Centre of creativity And so to the winner of the workplace-lighting category of the Lighting Design Awards — the Royal Mail Innovation Lab at Rugby. It is the centre of creativity for the Royal Mail Group. where internal and external groups work on creative problem solving, generating ideas and business planning. Design manager Philip Tovay of the Innovation Lab explains, ‘The environment makes a huge difference to unlocking potential and putting people in the right mental space. The lighting within the space adds to the exciting experience.’ The concept was started as a demonstration zone for future technologies housed in two Portakabins at the management centre in Rugby. It has been moved to a purpose-built space and transformed into a leading-edge working environment for lateral thinking and creativity. Following investigation and interviews, the space is divided as follows: research zone; play room; project room; puzzle room; relax zone; ‘make it real’ and chill area.

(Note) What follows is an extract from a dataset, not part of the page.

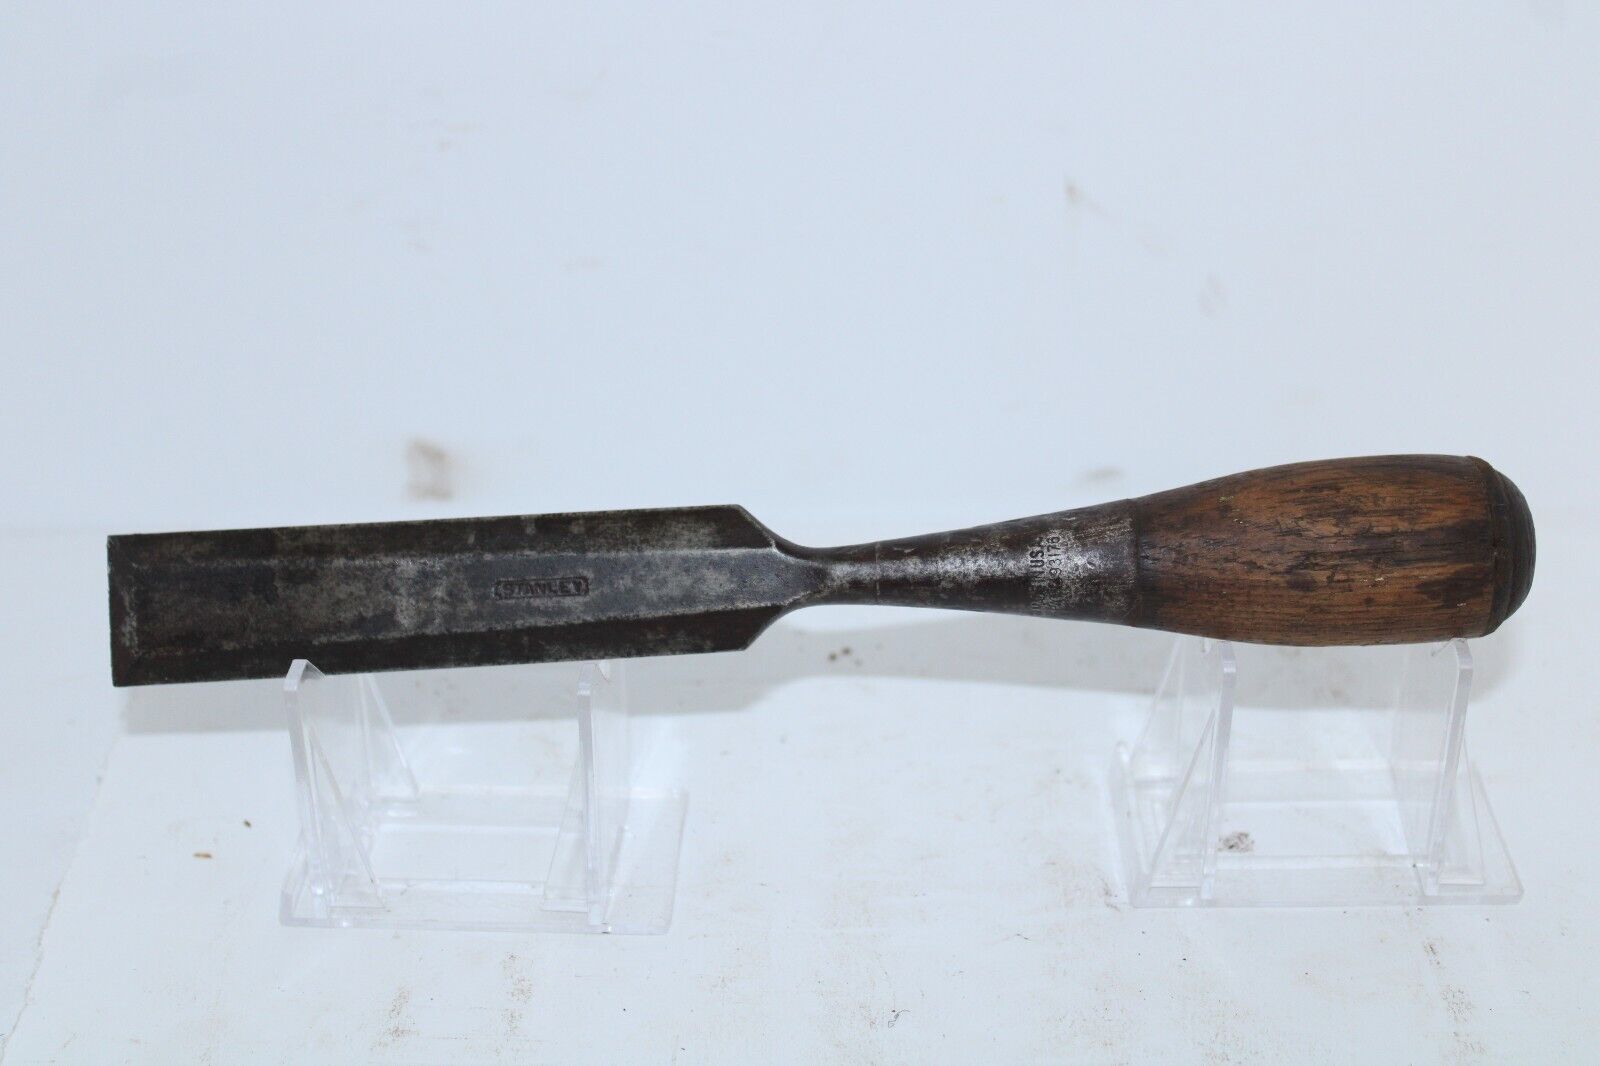 Stanley Everlasting Chisel 1 inch no. 50 Type 1 (1911-1920) Butt Chisel

Each zone enables people in it to control the environment — light, sound, video, presentations etc. A diverse range of lighting is used, including LED parcans in the main rooms and a selection of spots, fibre-optic and moving-head lamps — all of which add to the atmosphere to create a space unlike any other. Feedback has proved that the Innovation Lab has achieved its major objective of changing the way people think within Royal Mail and also changed the perception of Royal Mail itself — all within a very limited budget and challenging timescales.